You are correct that the number of ways of distributing the candy bars to four children is the number of solutions of the equation $$x_1 + x_2 + x_3 + x_4 = 10$$ in the non-negative integers.

The candy bars are identical, it's allowed to give out fewer than $10$ candy bars, and each kid gets $1$ or more.

You are correct that the number of ways of distributing the candy bars is the number of solutions of the inequality $$x_1 + x_2 + x_3 + x_4 \leq 10 \tag{1}$$ in the positive integers.

If we let $x_5 = 10 - (x_1 + x_2 + x_3 + x_4)$, which could represent the number of candy bars the person distributing them keeps for himself, then inequality 1 can be transformed into the equation $$x_1 + x_2 + x_3 + x_4 + x_5 = 10 \tag{2}$$ where $x_1, x_2, x_3, x_4 \geq 1$ and $x_5 = 0$.

If we let $y_k = x_k - 1$, $1 \leq k \leq 4$, and let $y_5 = x_5$, then we can transform equation 2 into the equation
$$y_1 + y_2 + y_3 + y_4 + y_5 = 6 \tag{3}$$ Equation 3 is an equation in the non-negative integers.

The candy bars are distinct, all of them must be given out, and each kid gets $1$ or more.

There are four choices of recipient for each of the ten candy bars. Hence, the number of ways we could distribute the candy bars is $4^{10}$. However, this counts distributions in which fewer than four children receive a candy bar. To eliminate those cases, use the Inclusion-Exclusion Principle. The number of ways to exclude $k$ children from receiving a candy bar is $\binom{4}{k}$. The number of ways that to distribute the candy bars to the remaining children is $(4 - k)^{10}$. Hence, the number of ways of distributing the candy bars so that each child receives at least one is

$$4^{10} - \binom{4}{1}3^{10} + \binom{4}{2}2^{10} - \binom{4}{3}1^{10}$$

Next problem:

The candy bars are distinct, exactly $4$ of them will be given out, and each kid gets exactly $1$.

We select four of the ten candy bars.

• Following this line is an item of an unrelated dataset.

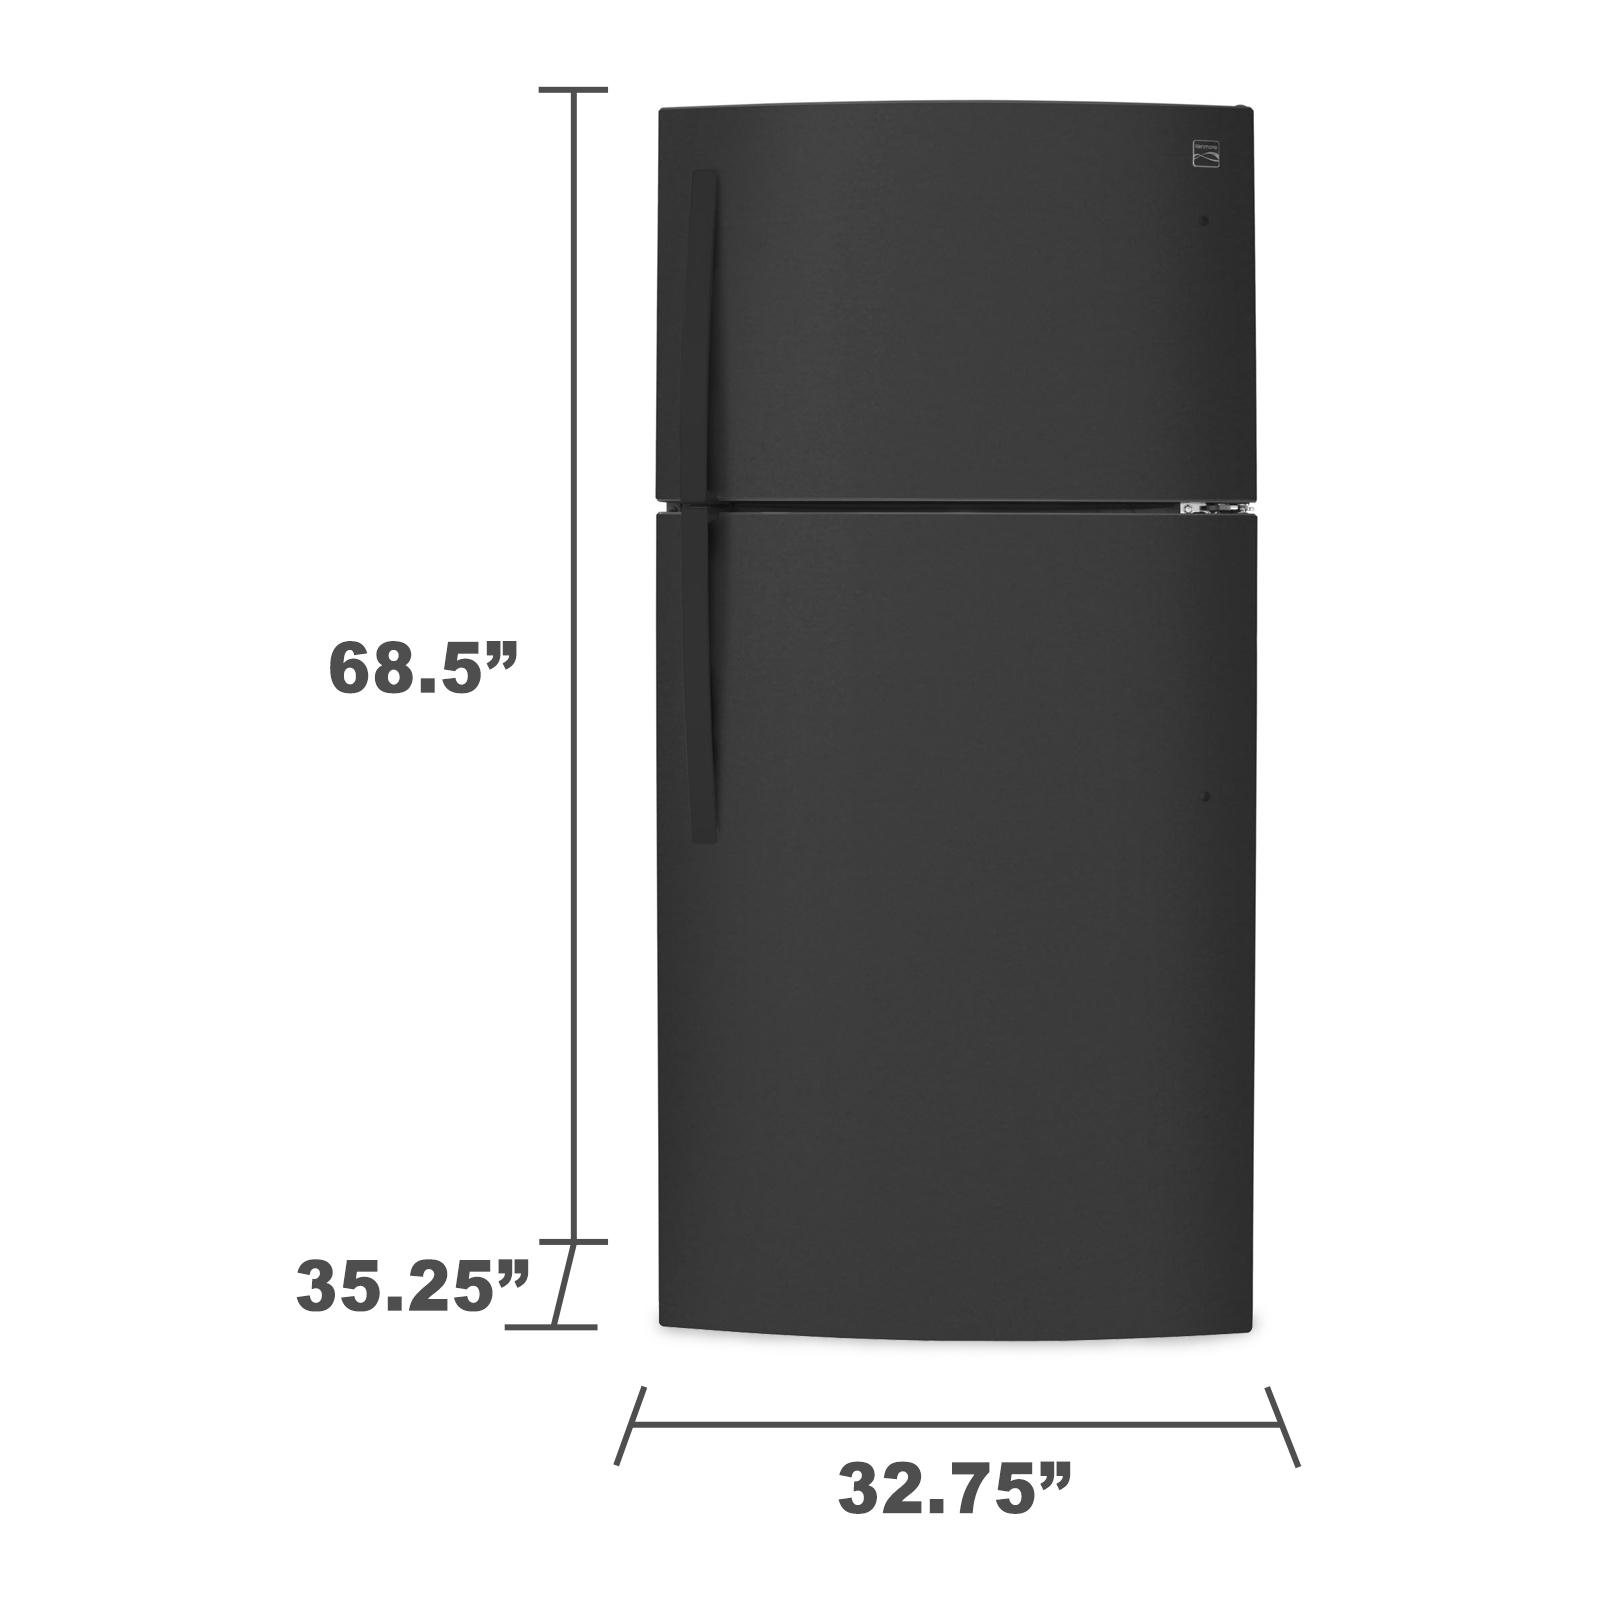 Kenmore 78039 23.8 cu. ft. Top-Freezer Refrigerator w/ Icemaker - Black
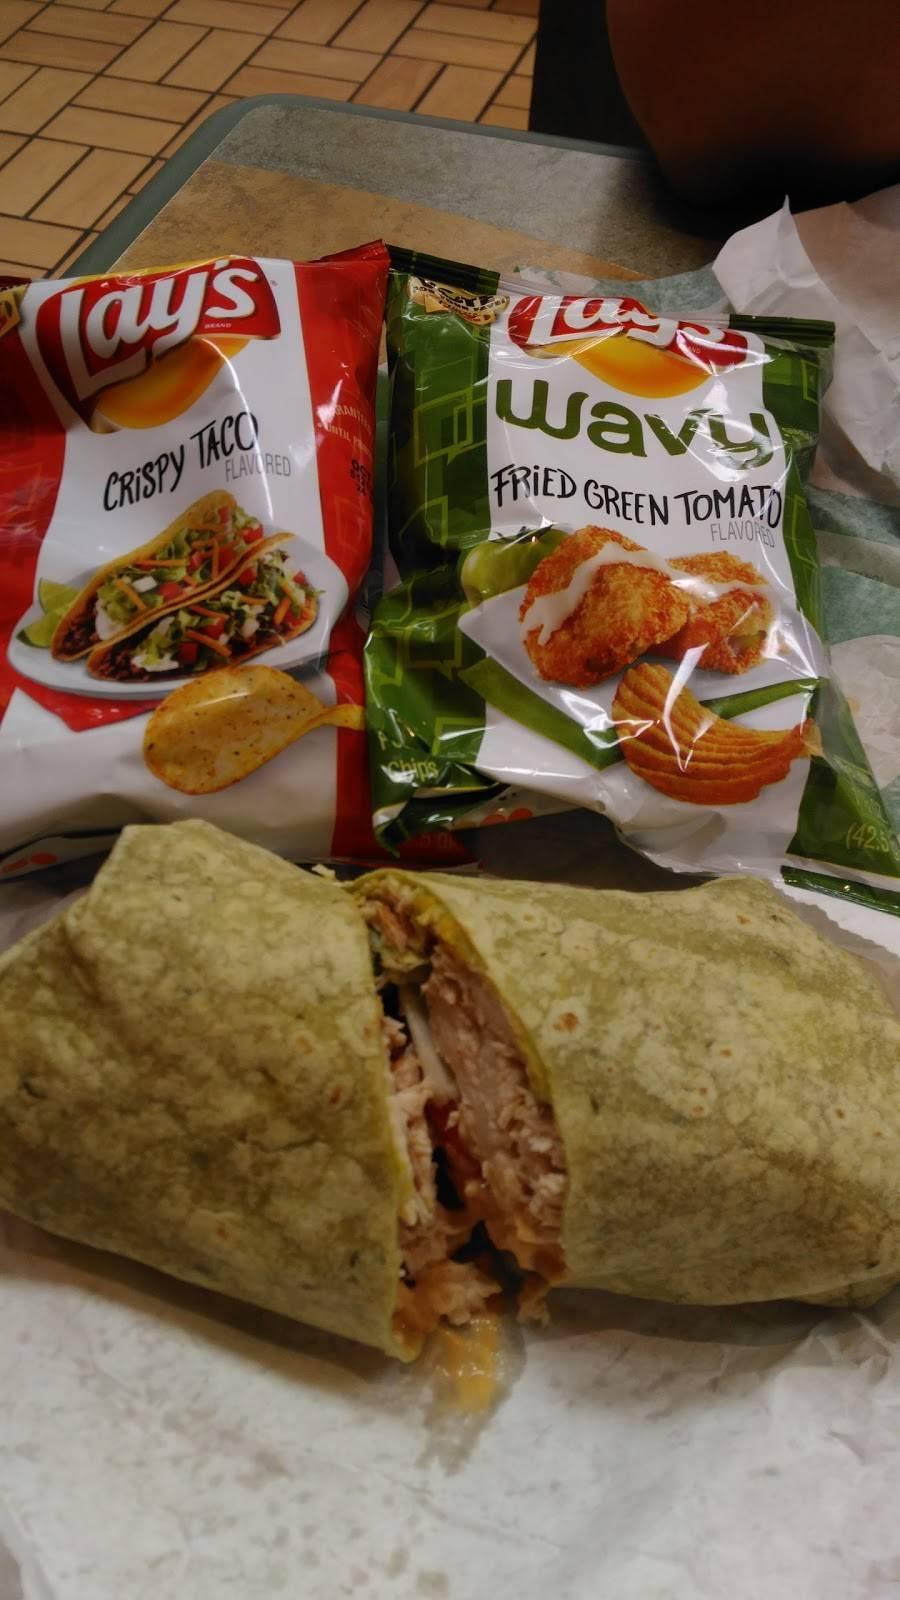 Subway Restaurants | restaurant | 407 McKean Ave, Charleroi, PA 15022, USA | 7244839495 OR +1 724-483-9495

Next we line up the four children in some order, such as by age. Now we distribute the four selected candy bars. We have four options to give to the first child in line, after which three options remain for the second child in line, and so forth.

$$\binom{10}{4} \cdot 4!$$

Finally,

The candy bars are distinct; this time, instead of giving them out to the kids, we'll simply put $4$ of them inside a single basket.

You are correct that this can be done in $\binom{10}{4}$ ways since we are simply selecting four of the ten candy bars to place in the basket.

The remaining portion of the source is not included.